Modi has also decided not to visit the upcoming SCO summit at Astana, Kazakhstan. The official excuse is ongoing Parliament session that ends on July 3, but it is hard to ignore the impression that avoiding running into Xi has been an equally strong motivation. Any Russian displeasure at Modi’s absence will be taken care of by the prime minister’s quick dash to Moscow for a standalone visit for the India-Russia summit on July 8.
Faced with a fait accompli at the border, Modi’s attempts are focused on creating leverage by expanding the horizons. The overarching goal remains stability in relationship while breaking the deadlock and forcing Xi into a meaningful engagement. India has been forced into this balancing act because China is unwilling to reverse the new ‘facts on the ground’ or make any more concessions.
To China, India has no real clout or ability to alter the new reality and no option but to accept it. From this vantage point, China calls India’s earnest efforts to tie normalisation of relations with the resolution of border crisis “arrogance” and “sky-high price”.
Chinese scholar and strategist Hu Shisheng — the director of Institute for South Asian Studies at CICIR, an influential Chinese think tank on foreign policy and security affairs that comes under the direct supervision of CCP’s Ministry of State Security (MSS) and whose research influences and represents the mainstream voice of the Chinese party-state system, in a recent piece on Indian foreign policy, calls the diplomacy of Modi government “dynamic” and “tension-filled”.
Hu’s essay, reproduced in Sinification (machine translation), observes that though Indian diplomacy has “flourished” under Modi due to “indulgence from the West”, and even though India-US ties despite “latent mistrust” are “set to deepen”, “in recent years, the Biden administration has focused much of its efforts on the Western Pacific region, promoting minilateral security cooperation mechanisms with its allies. This indicates that the US has lowered its expectations of India in its strategy to contain and blockade China.”

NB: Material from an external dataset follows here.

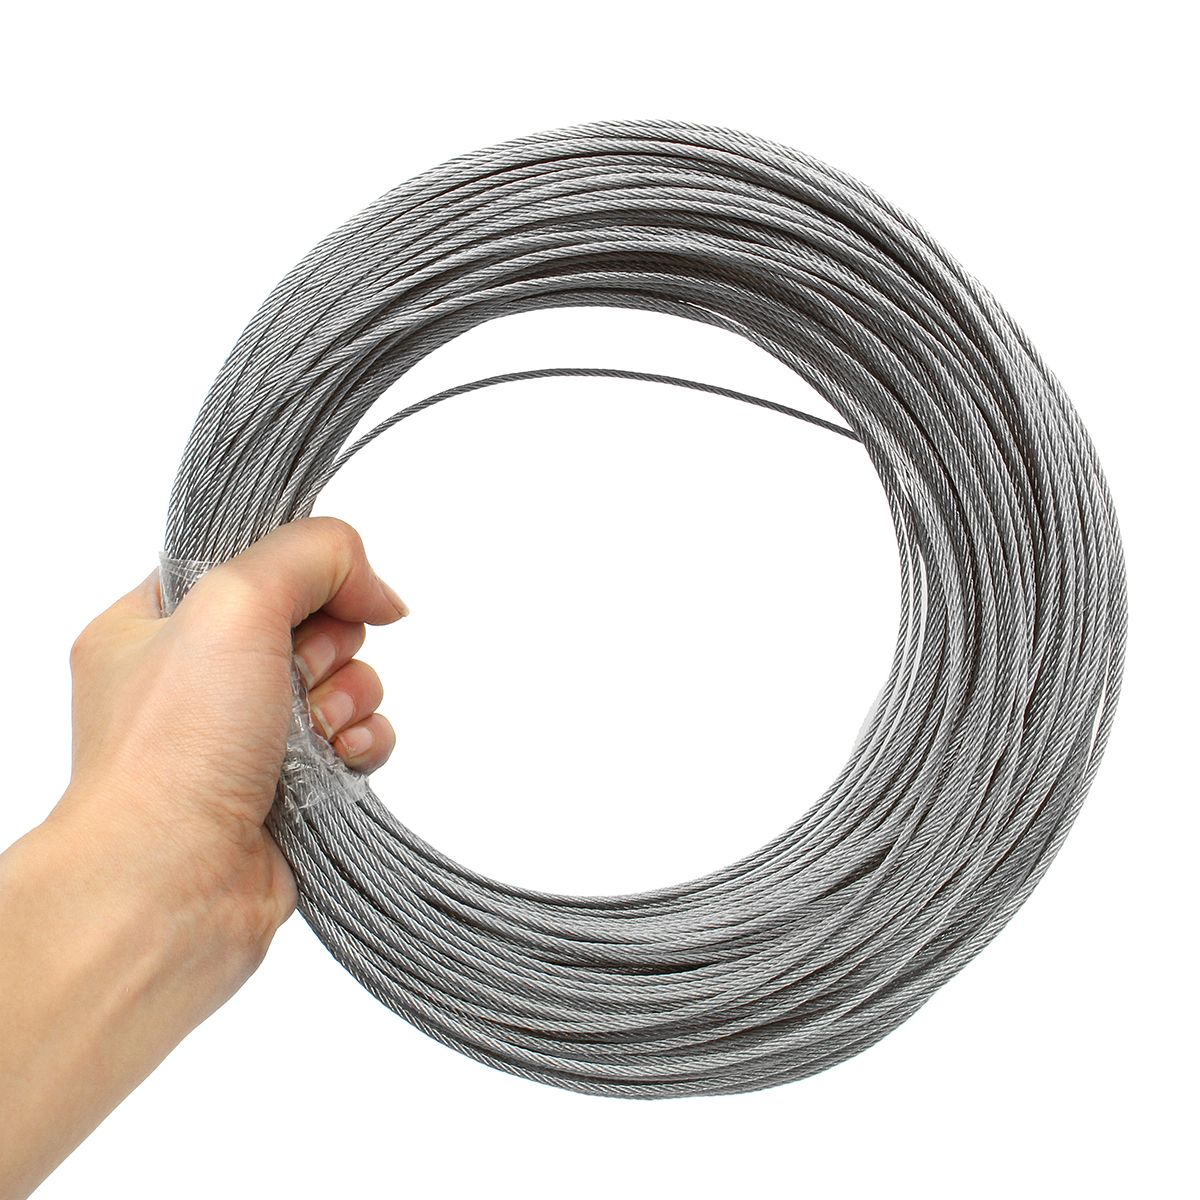 15mm-Stainless-Steel-Wire-Rope-Tensile-Diameter-Structure-Cable-1256988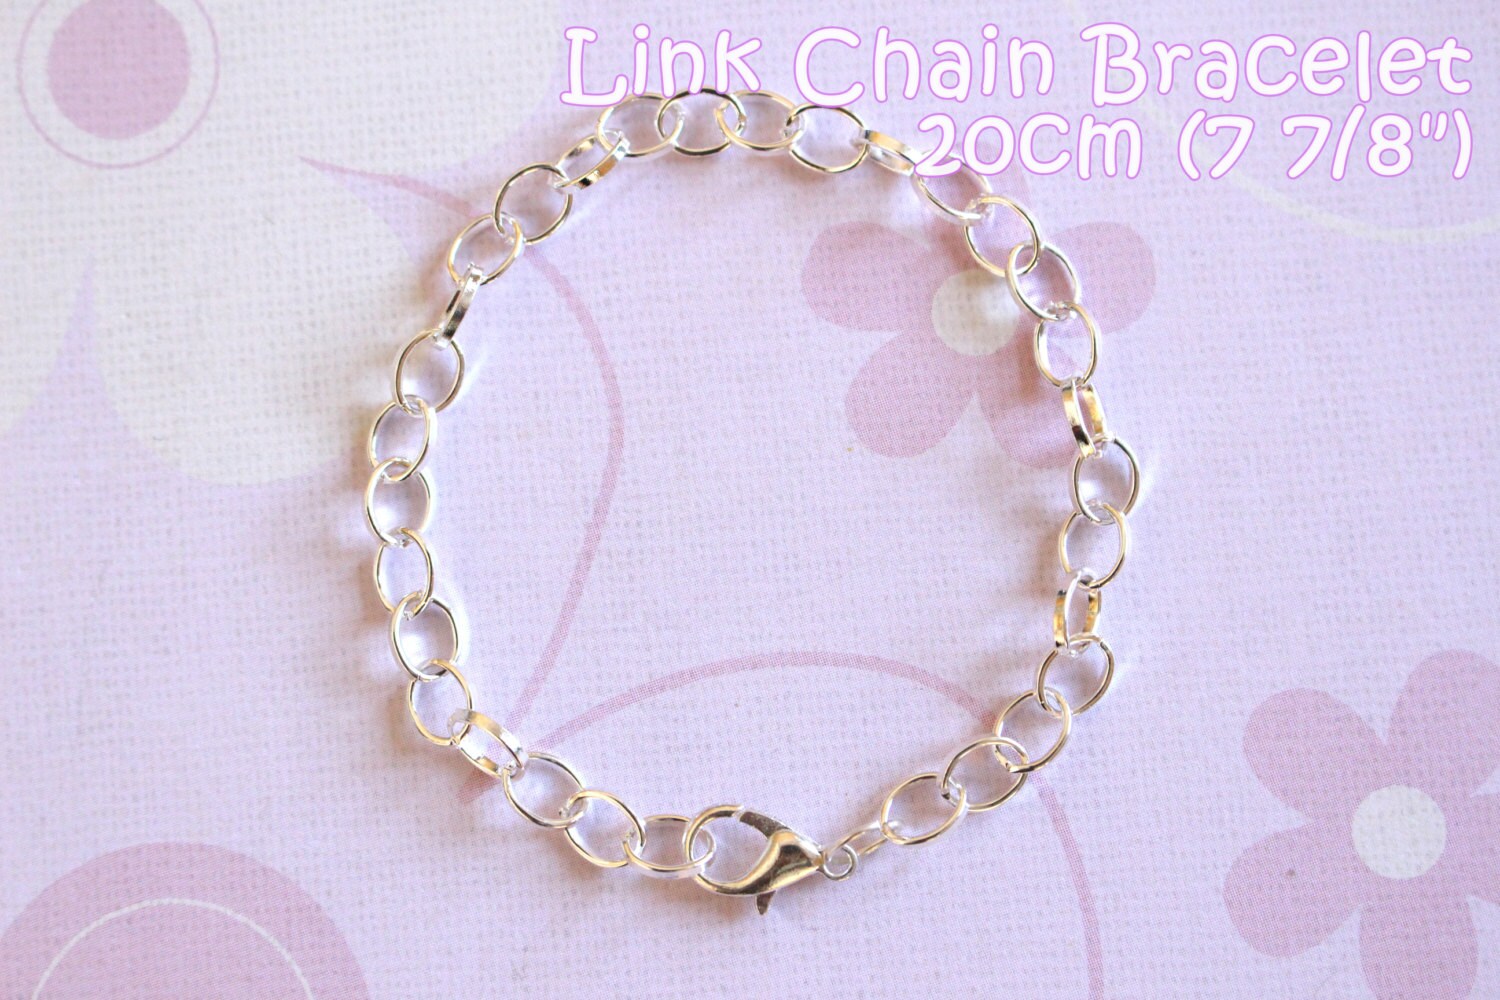 20cm 7 7/8 inches - 6pcs Silver Plated Lobster Clasp Link Chain Bracelets

Hu also observes that “considering the significant disparity in power between China and India, New Delhi will neither want to break relations with China completely nor will it be willing to serve as ‘cannon fodder’ for the West’s containment of China. In future, Sino-Indian relations may continue to be characterised by “cold hostility” [冷暴力] or “non-violent, non-cooperative” coexistence.”
To the extent that Hu’s views represent the prevalent Chinese thinking, it appears that Beijing has come to a conclusion that India’s options in getting China to do its bid are becoming increasingly more constricted. China remains aware of the significant power discrepancy between the two nations, and this awareness is making China more adventurous, imbuing it with a greater appetite for risk-taking including implementation of force to achieve its objectives – secure in the belief that India, as a lesser power, will ultimately be forced to back down.
This is not to suggest that Beijing is spoiling for a violent escalation, but it seeks to use force, or threat of force as a leverage to demand obeisance from India, and it wants New Delhi to accept Beijing’s primacy and admit its secondary status in Asia.
From our perspective, it might provide political platforms to express our concerns, as well as to find solutions, over unfair Chinese trade practices. Dialogue is also a logical step in building multi-alignment diplomacy.
Only government can ultimately decide what is the right policy. But a healthy debate on the question is now needed more than ever because public participation in foreign policy is an important requisite for citizens who aspire to make India into a global powerhouse.
In this context, PM Modi’s recent moves assume greater significance. A battle of nerves lies ahead. External balancing and a fast-growing economy are India’s best options, but in the short term, a lot may depend on the outcome of US presidential polls.